5. Shri B.N. Chattopadhyay, learned Consultant appeared for the appellants M/s. WI and M/s. NBP. The learned Consultant reiterated the grounds of appeal and submitted that the appellants have entered into an agreement with M/s. KPL whereby M/s. WI manufactured plywoods of different types according to the specifications given by M/s. KPL (the buyer) and the purchase orders based on a negotiated price were placed on the appellants by M/s. KPL. He further submitted that the main allegations against the appellants are that some rough scribbling in a note books was recovered from a Chartered Accountant viz. Shri S.R.Agarwal from his premises and entries in the said note book allegedly indicated that the appellants realised more amounts than what were contracted in the agreement and on that basis differential duty has been demanded. He submitted that differential duty cannot be demanded based on mere scribbling in the note book of some one else as the appellants are not responsible for the scribbling done in the note book maintained by the Chartered Accountant who is not a functionary of the appellants. He has also submitted that the Commissioner has also relied on some statement of Shri Shambhu Nath Jajodia, Director of M/s.

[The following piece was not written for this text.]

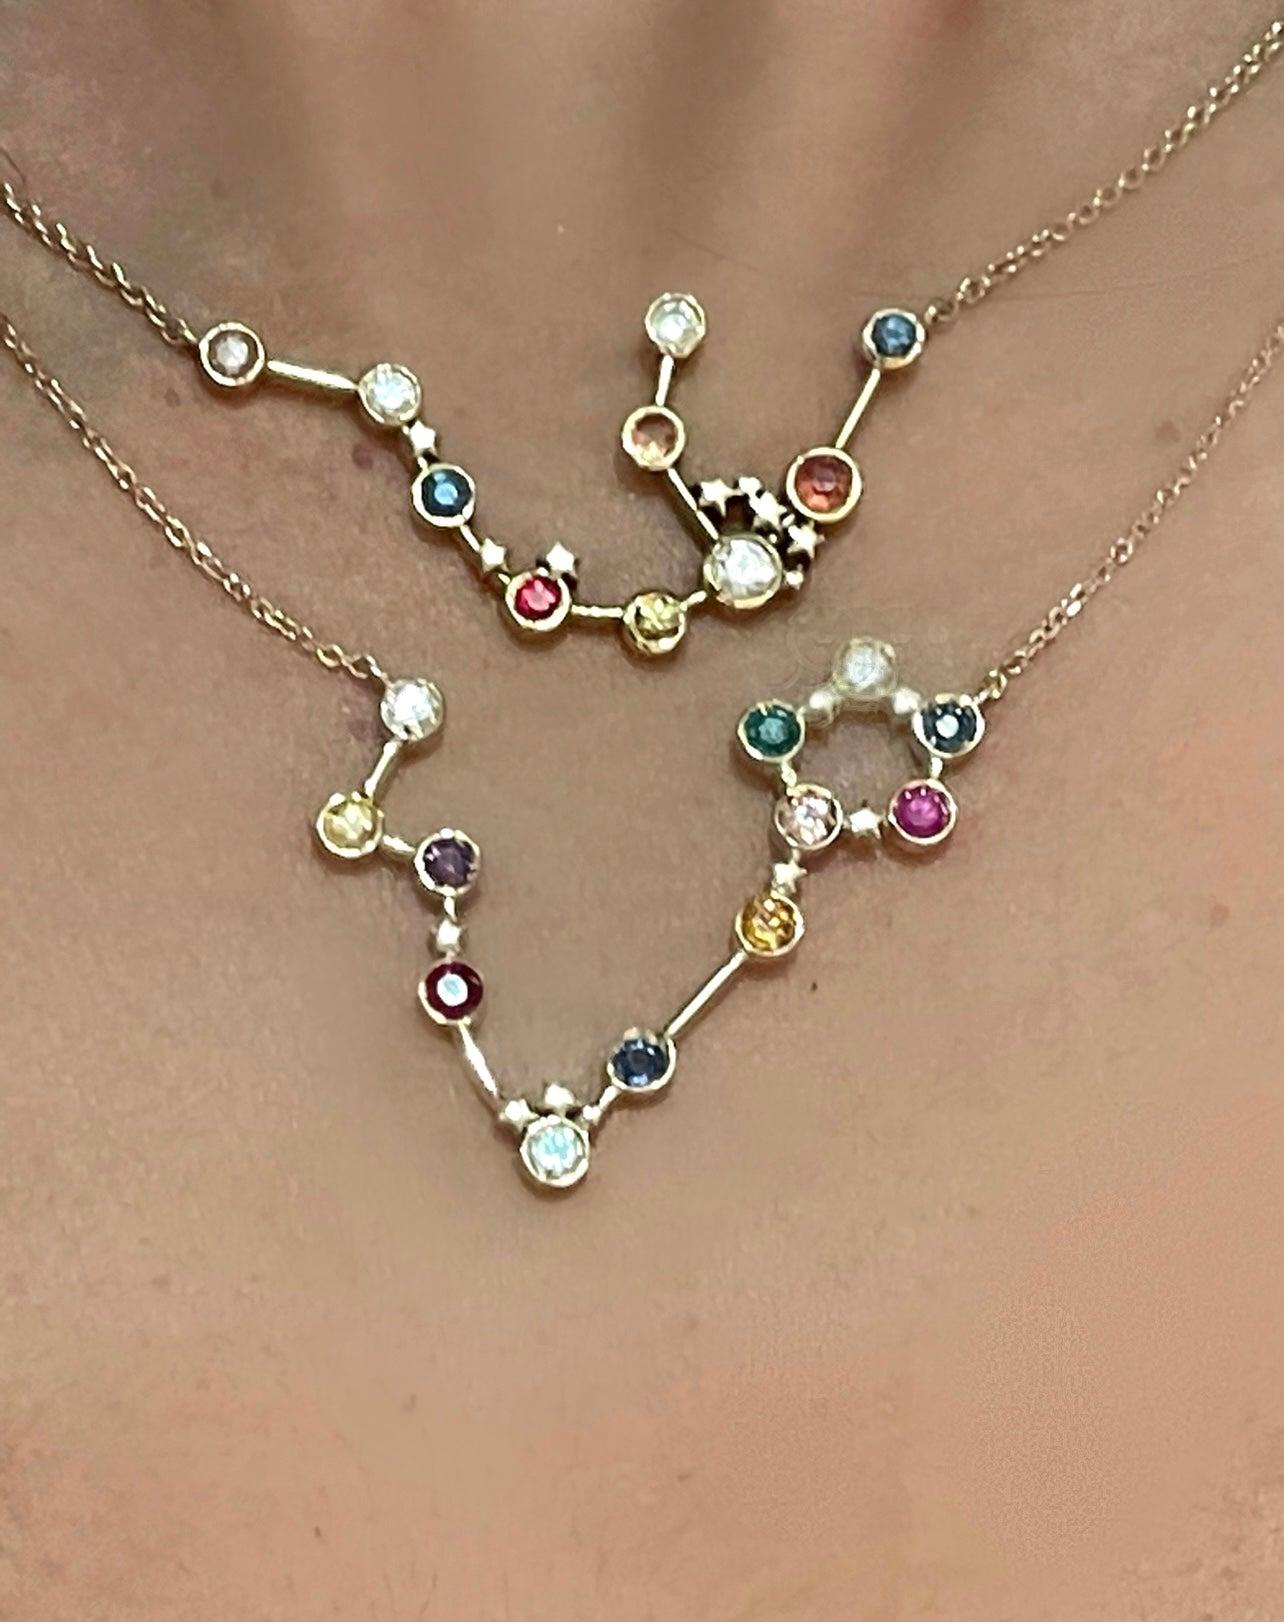 Brilliant Cut 18k Yellow Gold Aquarius Constellation Necklace with Sapphires and Diamonds

KPL whose statement did not figure in the show cause notice. Therefore, the order impugned traversed beyond the scope of the show cause notice and on that ground itself the same is required to be set aside. He submitted that the demand is made without any basis. Further the appellants wanted to cross-examine said Chartered Accountant and their request was not granted and parts of the statement of the Chartered Accountant which is found to have been favourable to the Department has been relied upon. In the circumstances, the statement of Shri S.R.Agarwal, Chartered Accountant cannot be relied upon. Further, no enquiry has been conducted with the buyer viz. M/s. KPL, to support the case of the department. He has made similar arguments in respect of the appeal filed by M/s. NBPL also. He in the background of the case, prayed for setting aside the orders-in-original and allowing the appeals.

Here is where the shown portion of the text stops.